Schematic stratigraphy and hydrocarbon source rocks, reservoirs, and cap rocks of Cenozoic Formation in the Zhouqingzhuang Oilfield, Bohai Bay Basin, China. Fm.: formation.
The reservoir parameters of the middle–upper part of the Paleogene Shahejie Formation.
Present-day stress
The present-day stress has an impact on the waterflooding development, the well pattern deployment, subsurface fracture conservation, and hydraulic fracturing (Zeng and Tian, 1998). The maximum horizontal stress orientation is generally determined via hydraulic fracturing, borehole breakouts, differential strain analysis, and induced fractures during drilling (Amadei and Stephansson, 1997; Bell and Bachu, 2003; Brudy et al., 1997; Li and Zhang, 1997; Zoback and Haimson, 1983). According to the borehole breakout data, the direction of the maximum horizontal principal compressive stress was determined to be NE–SW in most areas and E–W in some areas of the Huanghua depression (Figure 3). The magnitudes of the maximum and minimum principal stresses are generally obtained from hydraulic fracturing and rock acoustic emission experiments (Hayashi and Haimson, 1991; Michihiro et al., 1985). Because the present-day stress data are not available for the study stratum, the maximum and minimum principal stress gradients of the low-permeability sandstones from the bottom of the Paleogene Shahejie Formation were estimated at 0.0192 and 0.0162 MPa/m, respectively, based on hydraulic fracturing data. The hydraulic fracturing data show that the preferential direction of artificial fractures is NE–SW in low-permeability sandstones from the bottom of the Paleogene Shahejie Formation, which indicates that the direction of the maximum horizontal principal compressive stress is NE–SW in this area. The result is in accordance with the direction of the maximum horizontal principal compressive stress in most areas of the Huanghua depression.

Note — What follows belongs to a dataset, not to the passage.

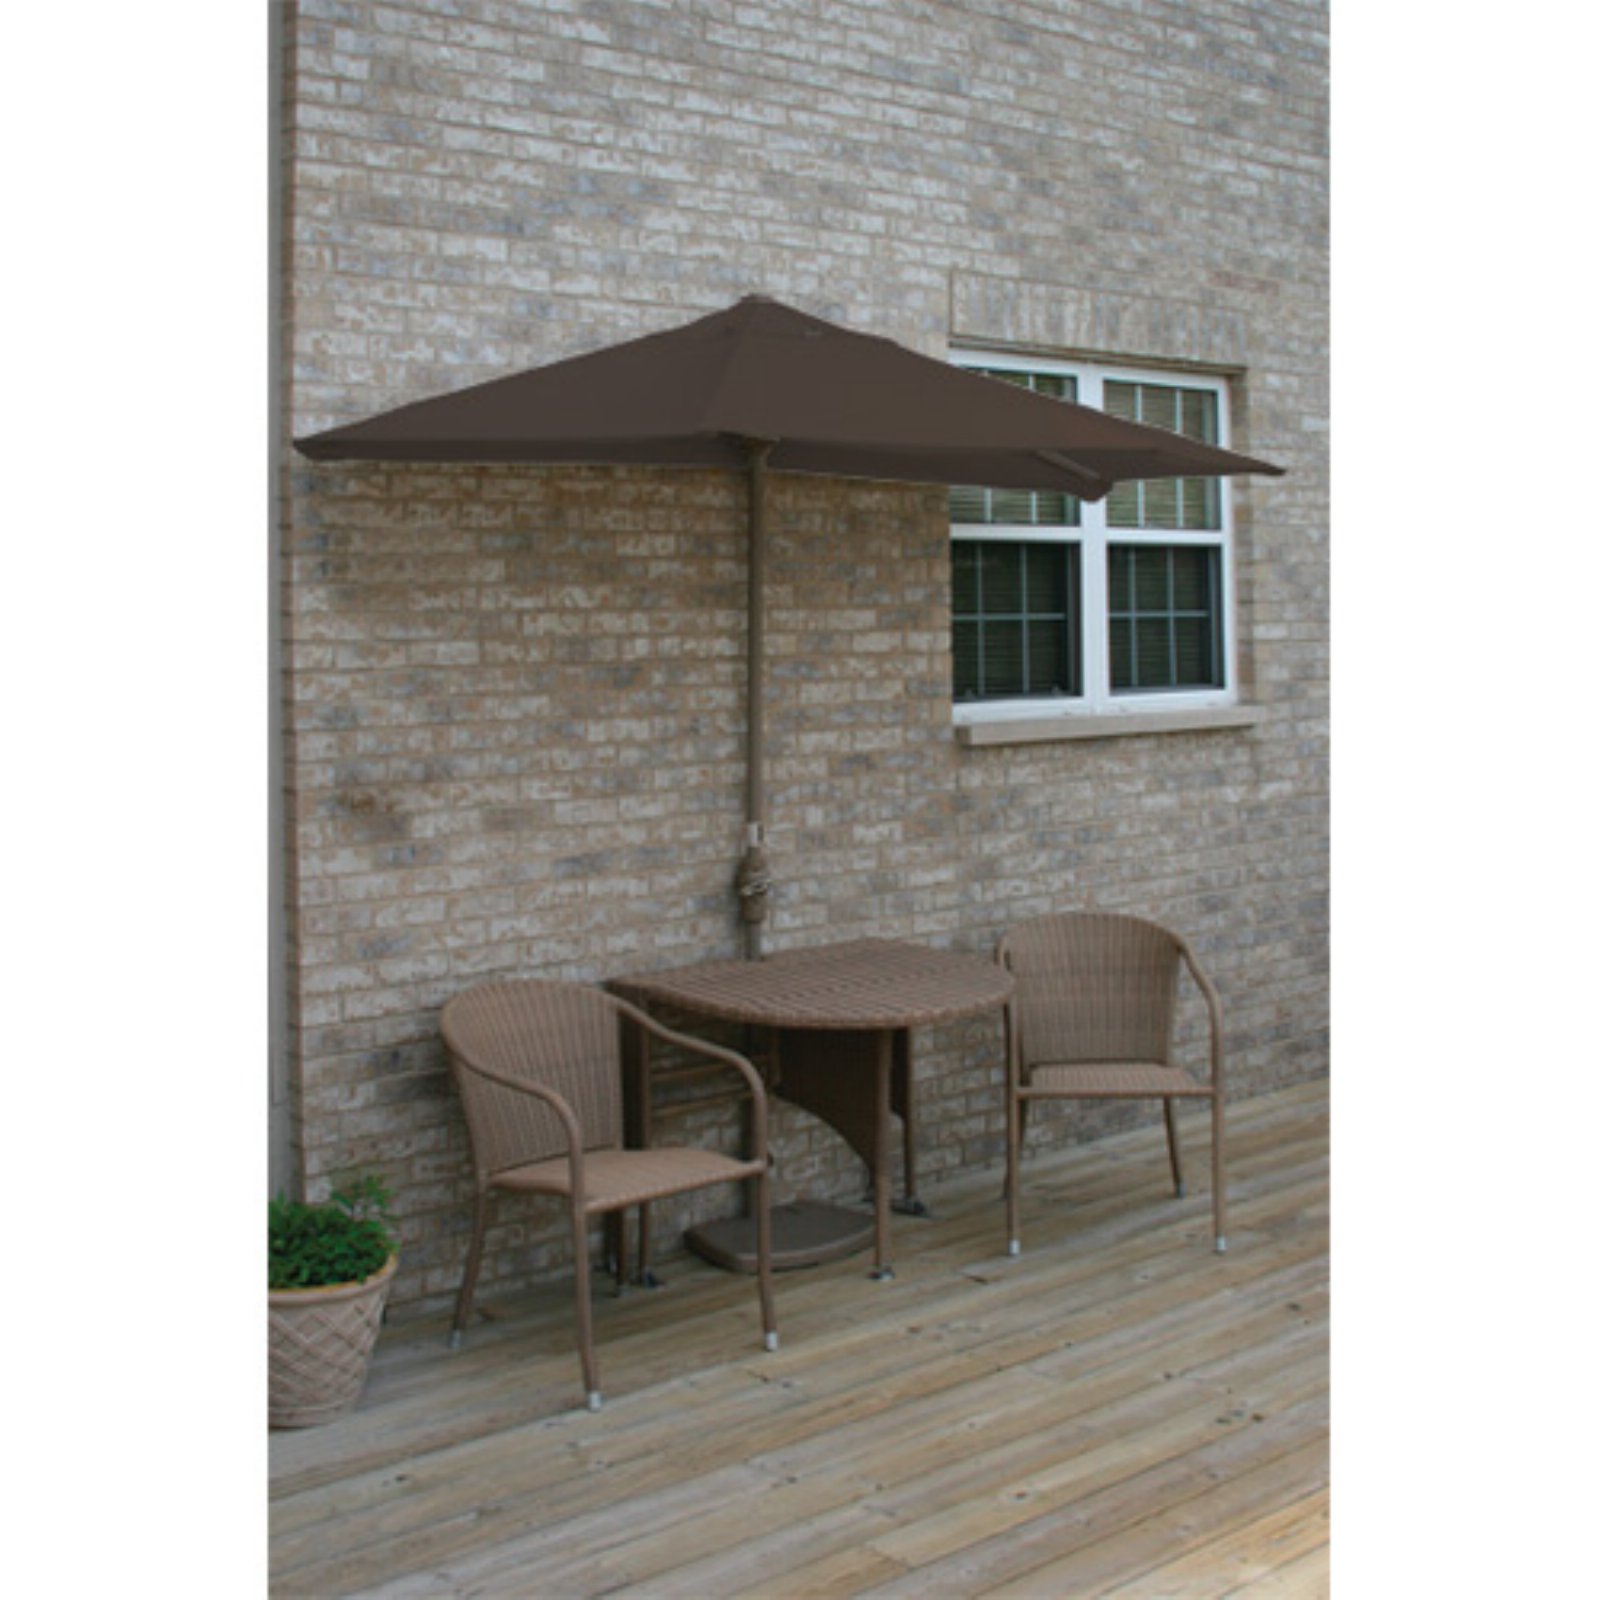 Blue Star Group Terrace Mates Adena All-Weather Wicker Coffee Color Table Set w/ 7.5'-Wide OFF-THE-WALL BRELLA - Chocolate Olefin Canopy - image 1 of 9

Rose diagram of the maximum horizontal principal compressive stress in the Huanghua depression. The maximum horizontal principal compressive stresses are derived from breakout boreholes in 32 wells with two different records: a four-arm Schlumberger dipmeter log and a Deasy-Atlas dipmeter log. The data are from Qu et al. (1993), and the number of data is 32.
Production history
The Zhouqingzhuang Oilfield was put into development by waterflooding in the 1970s, and it is now in the late stage of development with a comprehensive water cut of 86.9% (Zhao and Chen, 2011). According to the analysis of water cut variation in 78 oil wells, 43 oil wells experienced water breakthrough and floods, which could occur relatively suddenly (Figure 4). The aforementioned water breakthrough and floods are important features of the fractures (Nelson, 1985). Fractures are the main factor leading to quick water breakthrough and floods in this area.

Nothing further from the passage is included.